**Work instructions**
For the records below, print the lines from the line with "african-heritage : Africville: 3-Sided" through the line with "Save the Date!" exactly as written; include both end lines and exclude the rest.
Top of Provided information
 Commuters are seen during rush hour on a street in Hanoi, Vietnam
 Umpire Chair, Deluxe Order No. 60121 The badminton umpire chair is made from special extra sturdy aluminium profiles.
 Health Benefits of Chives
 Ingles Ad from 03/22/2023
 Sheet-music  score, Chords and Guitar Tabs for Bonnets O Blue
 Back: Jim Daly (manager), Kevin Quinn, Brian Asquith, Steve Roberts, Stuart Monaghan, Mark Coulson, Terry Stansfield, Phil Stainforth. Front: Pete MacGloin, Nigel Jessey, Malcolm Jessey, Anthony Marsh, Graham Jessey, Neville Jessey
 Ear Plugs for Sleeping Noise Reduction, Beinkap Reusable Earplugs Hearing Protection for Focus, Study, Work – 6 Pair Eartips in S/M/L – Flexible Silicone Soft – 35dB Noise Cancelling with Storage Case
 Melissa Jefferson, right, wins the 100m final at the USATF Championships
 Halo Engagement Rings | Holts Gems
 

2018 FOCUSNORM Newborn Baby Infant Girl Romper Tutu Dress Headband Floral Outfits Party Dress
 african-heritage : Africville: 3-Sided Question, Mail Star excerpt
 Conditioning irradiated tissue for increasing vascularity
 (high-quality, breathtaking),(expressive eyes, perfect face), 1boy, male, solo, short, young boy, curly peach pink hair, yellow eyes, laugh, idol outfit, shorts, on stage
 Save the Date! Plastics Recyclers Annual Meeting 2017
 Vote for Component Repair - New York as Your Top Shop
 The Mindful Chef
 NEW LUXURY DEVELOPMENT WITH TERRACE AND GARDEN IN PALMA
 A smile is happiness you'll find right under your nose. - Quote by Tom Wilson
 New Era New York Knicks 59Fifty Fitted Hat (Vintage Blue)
Bottom of Provided information
**Output for this exercise**
 african-heritage : Africville: 3-Sided Question, Mail Star excerpt
 Conditioning irradiated tissue for increasing vascularity
 (high-quality, breathtaking),(expressive eyes, perfect face), 1boy, male, solo, short, young boy, curly peach pink hair, yellow eyes, laugh, idol outfit, shorts, on stage
 Save the Date! Plastics Recyclers Annual Meeting 2017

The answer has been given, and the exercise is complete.